-- What needs to be done --
Set down the data below exactly; pictures stay out.

-- Given information --
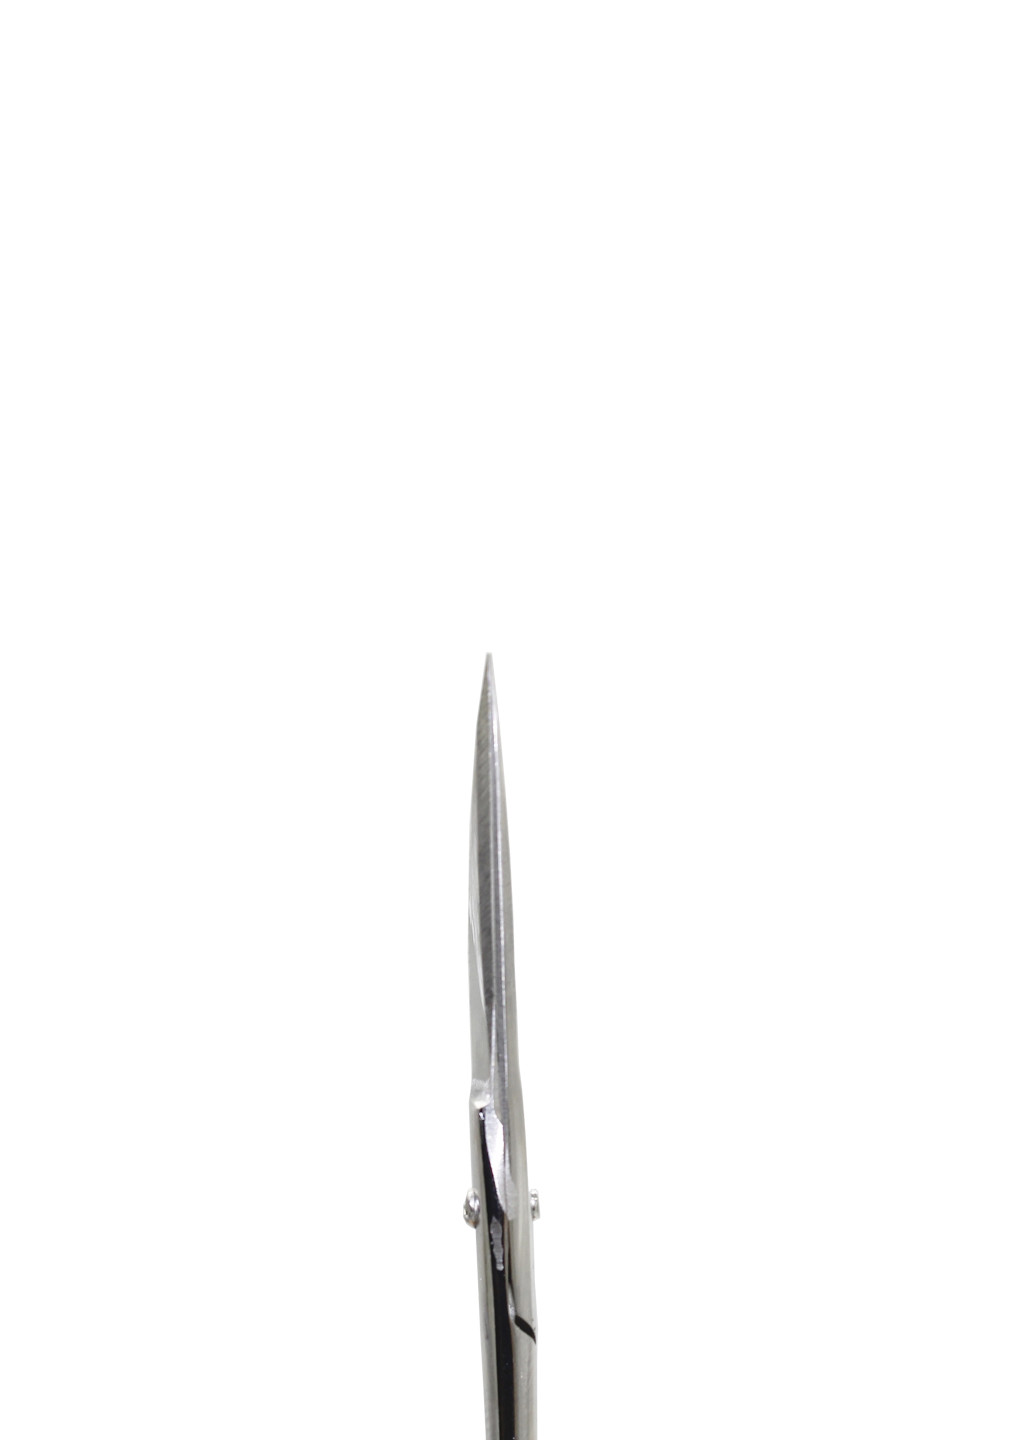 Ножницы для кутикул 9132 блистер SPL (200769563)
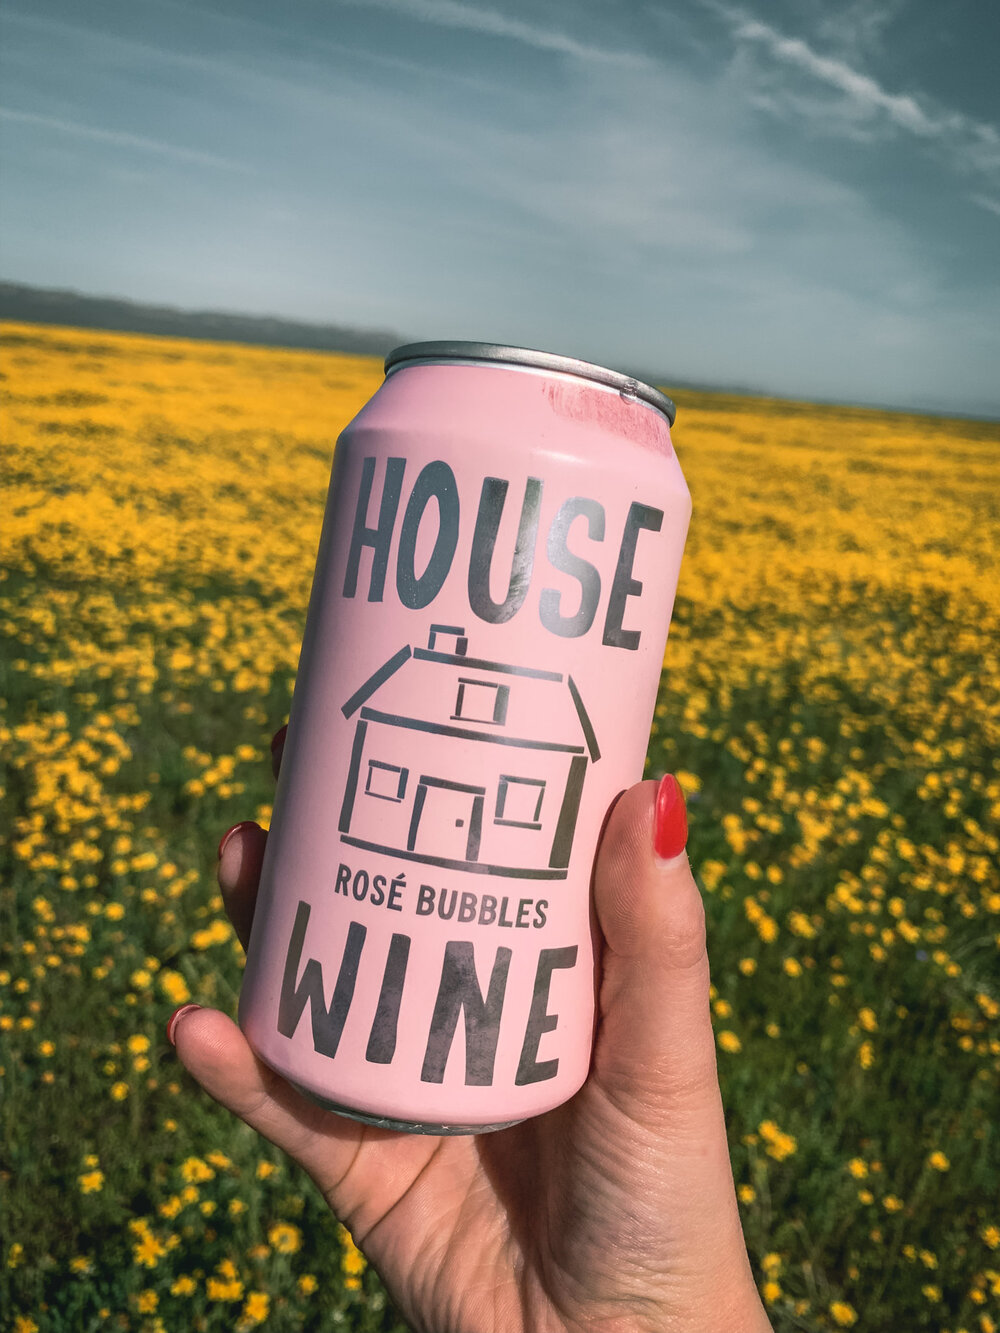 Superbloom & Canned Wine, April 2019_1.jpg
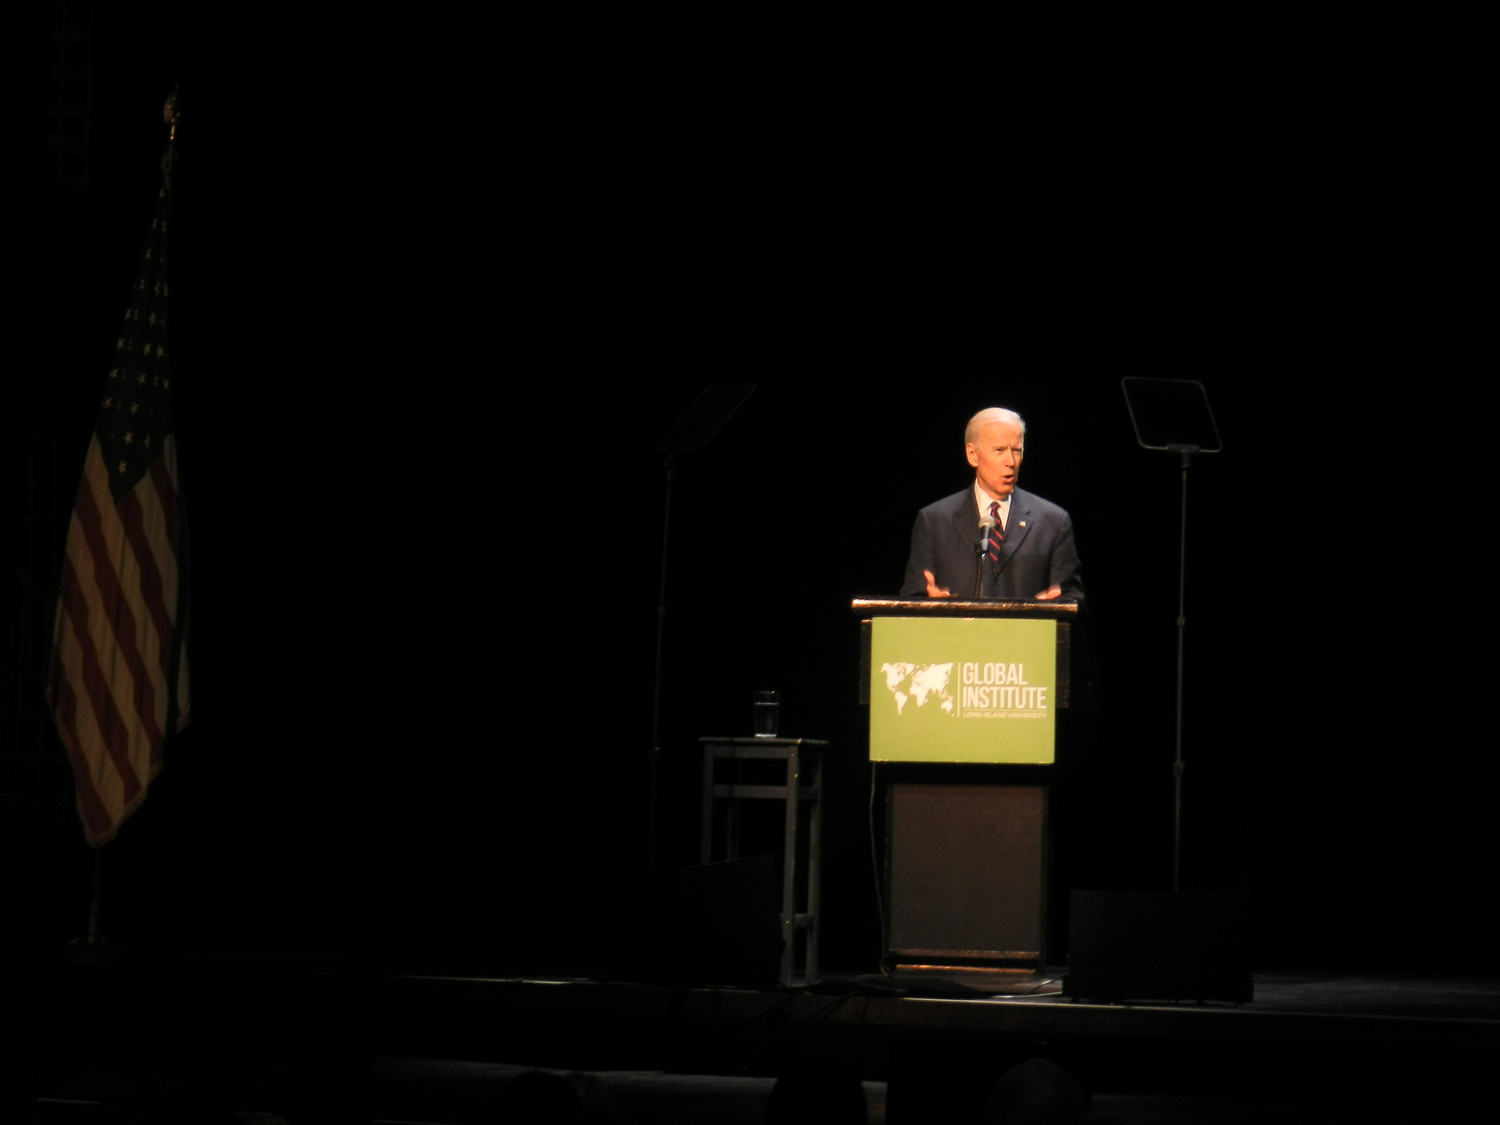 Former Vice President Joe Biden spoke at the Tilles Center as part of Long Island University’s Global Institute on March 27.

-- Exercise solution --
 Ножницы для кутикул 9132 блистер SPL (200769563)
 Superbloom & Canned Wine, April 2019_1.jpg
 Former Vice President Joe Biden spoke at the Tilles Center as part of Long Island University’s Global Institute on March 27.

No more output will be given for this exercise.